Swansea University and Pfizer Drive Forward Collaboration at BioWales 2018
Pharmaceutical company Pfizer and Swansea University are driving forward their vision to improve health and wellbeing for the people of South West Wales, delegates at this year’s BioWales conference were told.
Pfizer, the only pharmaceutical company involved in the project, and Swansea University announced at last year’s BioWales that they had agreed to set up an innovation hub at the School of Management on the Bay Campus.
This will include a range of therapeutic and technology-based interventions, which will be studied through the collection of real-world data. The aim of the hub is to share knowledge, skills and expertise to develop a health system which works with industry, the NHS and academia to improve healthcare in this region.
Professor Marc Clement, Vice-President of Swansea University, told a packed Millennium Centre during his keynote speech at Wales’s number one life sciences event, that the first phase of the collaboration will see the creation of two new roles to drive the project forward. Co-funded through the partnership, the Innovation Hub is looking to recruit a Professor Enhanced Health Innovation, Engagement and Outcomes, as well as a Digital Technical Consultant.

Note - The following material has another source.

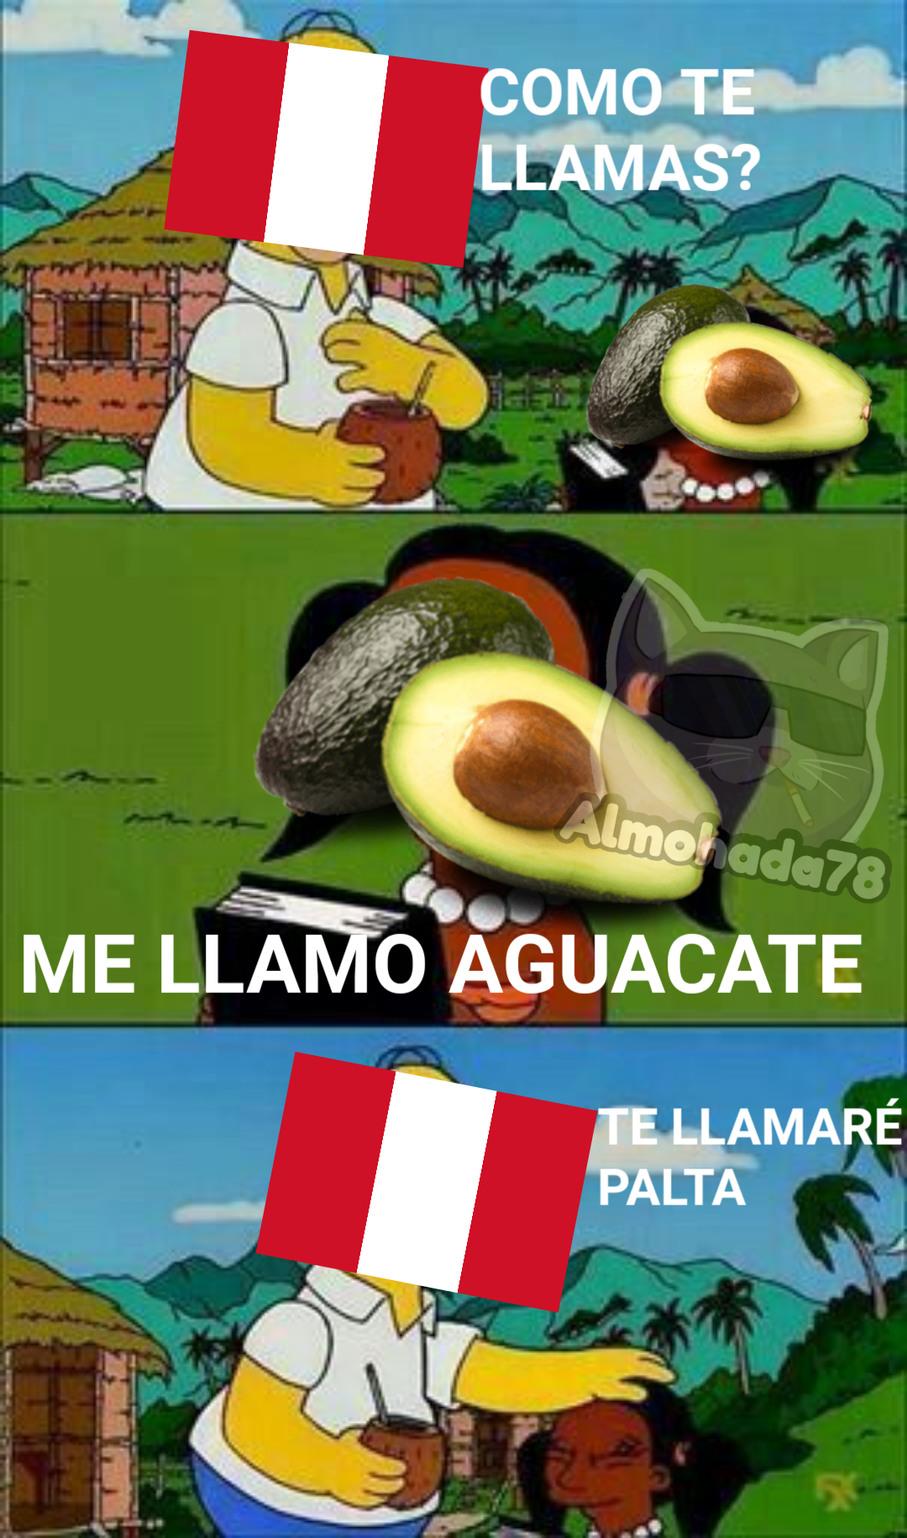 Confirmen Hermanos Peruanos - meme

Professor Clement highlighted the high profile collaboration will also help deliver elements of the £1.3billion Swansea Bay City Region City Deal.
Professor Clement said:
“One of the aims of the City Deal is to create a ‘living laboratory’ in this region for health, wellbeing and life sciences. This regional vision is strongly aligned with the UK Government’s recent Life Science Industrial Strategy.
“We see this collaboration with Pfizer as a real opportunity to operationalise our vision and aims with purpose and pace.
“The collaboration will partner with those City Deal proposals which have a strong community and primary care focus such as the Llanelli Wellness and Life Science Village and the Health Campus developments at both Morriston and Singleton hospitals.
“We are now looking to recruit two high level posts to drive forward this work. The role of Professor Enhanced Health Innovation, Engagement and Outcomes will oversee a number of pioneering digital healthcare projects with the aim of developing approaches which improve the care people living in South West Wales receive.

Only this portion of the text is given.